(Records to process begins)
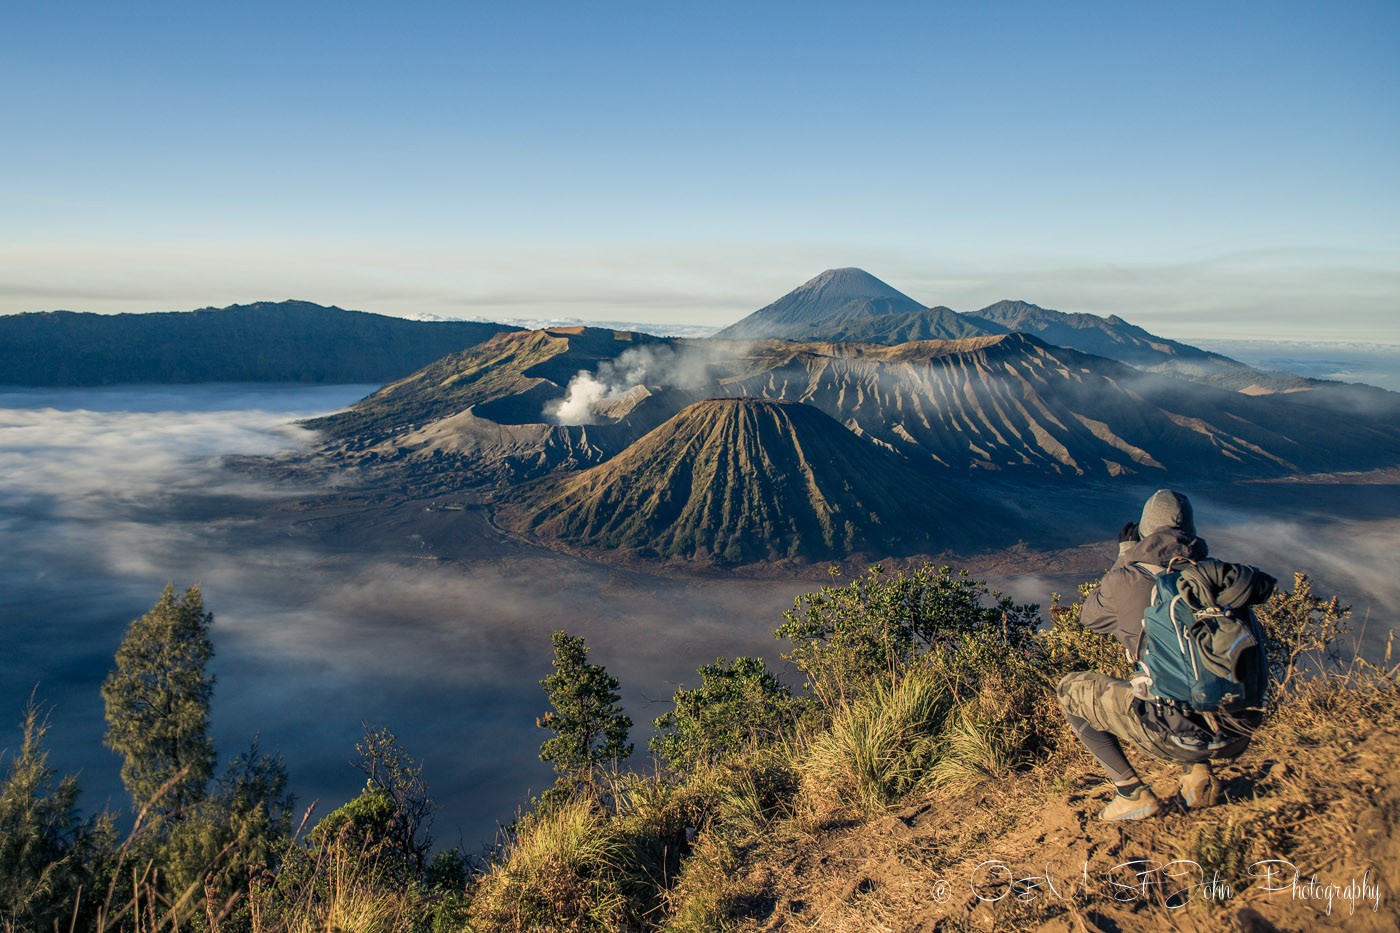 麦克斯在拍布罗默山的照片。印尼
(Records to process ends)
(Records to process begins)
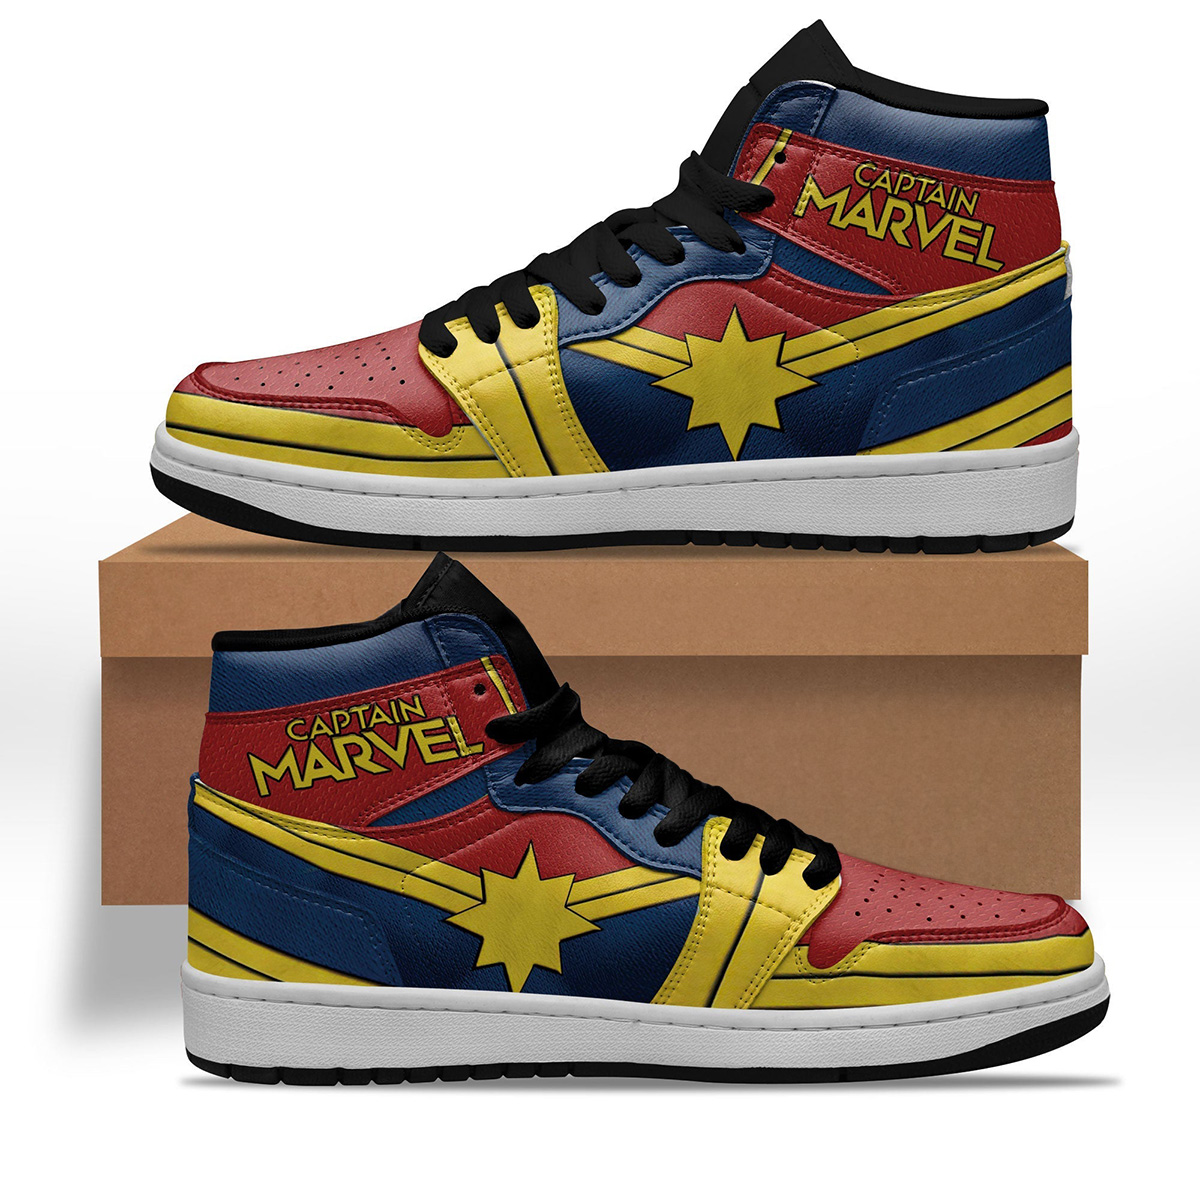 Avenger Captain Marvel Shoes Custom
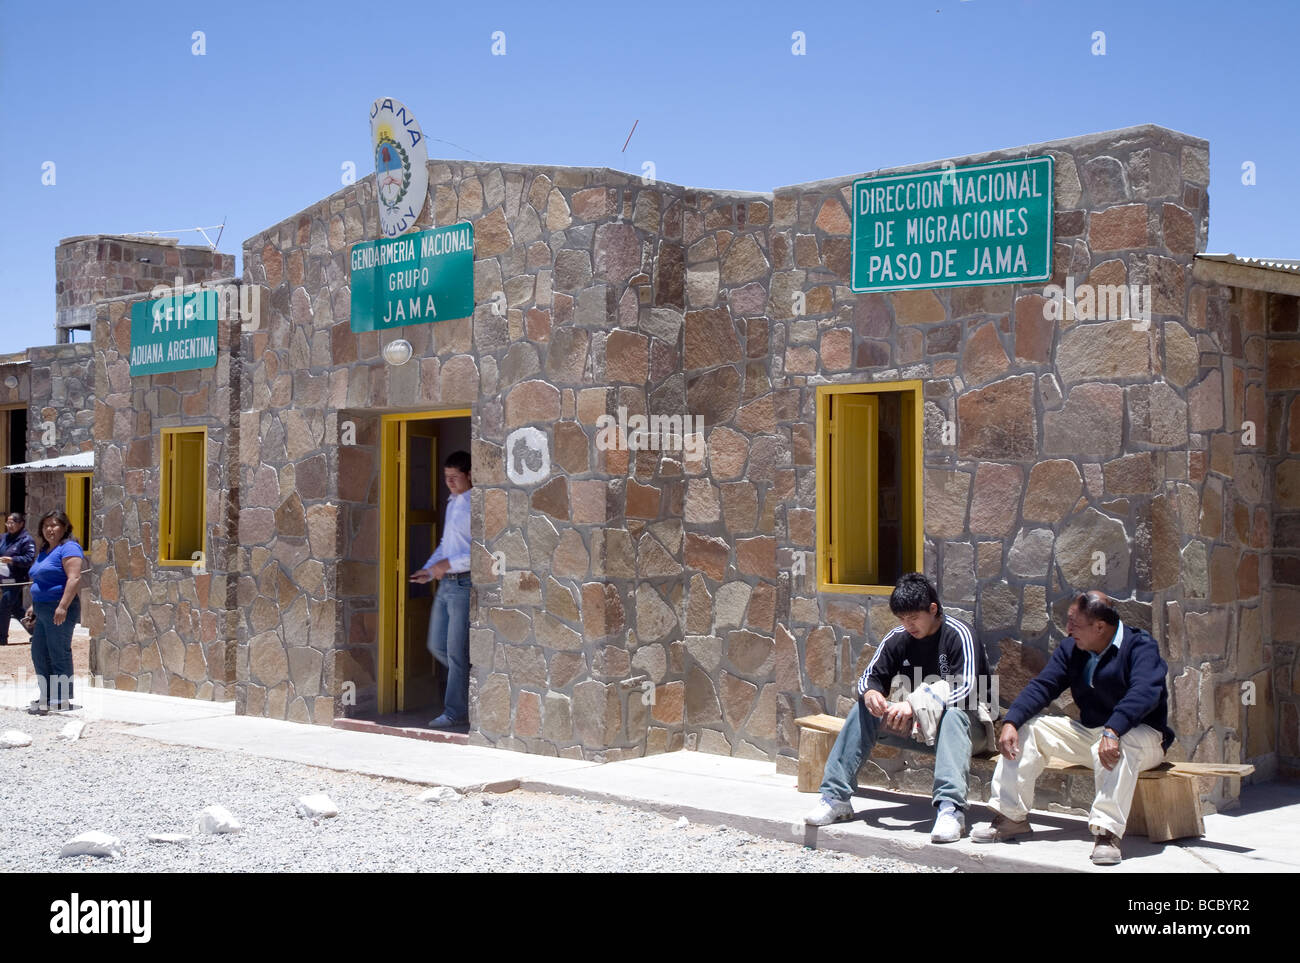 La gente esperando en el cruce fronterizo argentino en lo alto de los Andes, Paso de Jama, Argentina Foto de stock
(Records to process ends)
▶ _Problem to solve_: Your answer must be everything above from the line with "Avenger Captain Marvel Shoes Custom" down to the line with "La gente esperando", word for word, and no pictures.

▶ _Task output_:
 Avenger Captain Marvel Shoes Custom
 La gente esperando en el cruce fronterizo argentino en lo alto de los Andes, Paso de Jama, Argentina Foto de stock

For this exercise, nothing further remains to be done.